A recent email from a YWCA leader in Lebanon said, “Today, one of the first bombs was 100 meters away from our YWCA office, and we were all there, the hostel residents and the building staff.”

This chaos is a weight that will not change for a long time. As always, such weight is heaviest for women and is carried the longest by women.

They are in overcrowded shelters, informal housing, arrangements no one would call safe. What is left is the work of keeping children alive, of managing trauma without help, of surviving conditions so reduced that the word “life” barely applies anymore. For adolescent girls, it gets worse – harassment, exploitation, violence that thrives exactly when the structures meant to prevent it disappear.

Mona Khauli, National Executive Director of YWCA Lebanon, asks, “How many times must our country pay for the insane actions of leaders who are steering world politics?” Indeed, power structures – often a very small handful of people – devastate entire communities and generations. 

YWCA leaders have borne witness to this for centuries. In theory, so has the international community. 

Yet, the international community keeps performing the same strange ritual: expressing concern while supplying the means. Governments arm, fund, and provide political cover for this. They hand someone a match and then share platitudes of heartbreak about the fire. 

YWCA Lebanon and World YWCA call for adherence to the announced ceasefire, not select adherence or a subjective interpretation, but immediate, and then sustained ceasefire: 

  • We call for the protection of civilians and civilian infrastructure. This is not a radical demand; it is what international humanitarian law already requires. 
  • We call for adequate, accessible humanitarian access. This includes reproductive healthcare, mental health services, and support for survivors of gender-based violence. 
  • We call for an end to forced displacement and the varied manifestations of collective punishment. 
  • We call for an end to the Israeli occupation of south Lebanon and safeguarding of Lebanon’s sovereignty over its land and resources. 
  • And we call for full accountability. For those who did this, and for those who made it possible – in court and within the systems of justice.
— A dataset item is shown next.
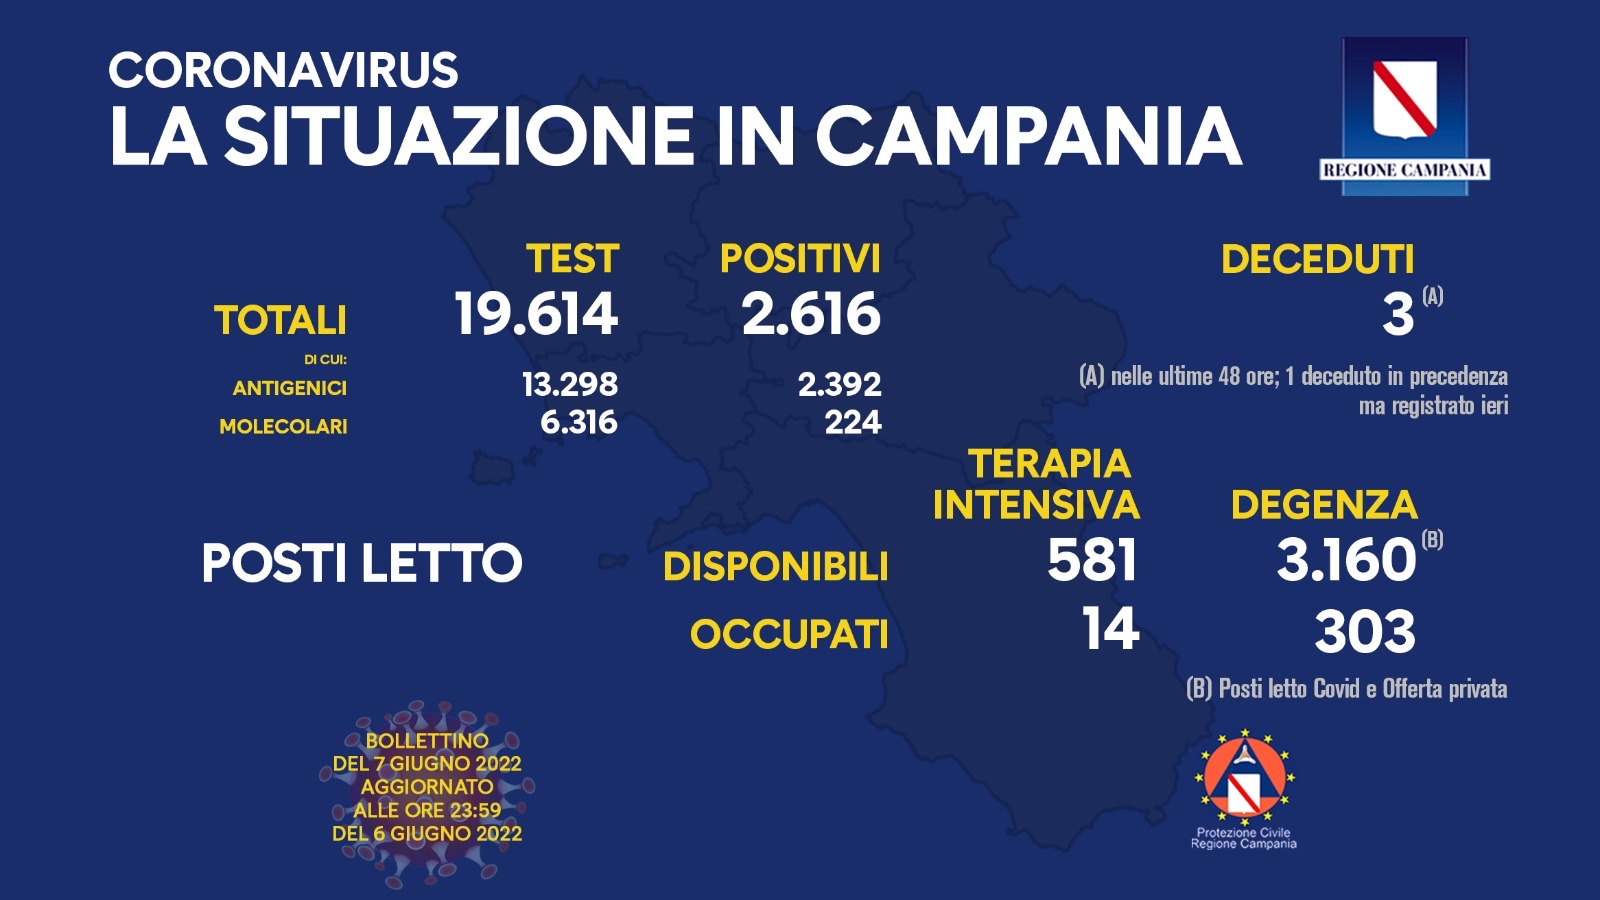 Covid 19 in Campania, bollettino 6 giugno: 2.616 positivi

Words are not enough from people who pull the levers in a power structure. 

For more than 160 years, the global YWCA movement has defended human rights, rejected violence, and acted toward just peace. At the 30th World YWCA Council in November 2023, the highest decision-making body of the global YWCA movement, adopted a resolution to promote human rights and support the Middle East region’s movements work towards sustainability.

We ask you to demand dignity, justice, and accountability for all, not just some people.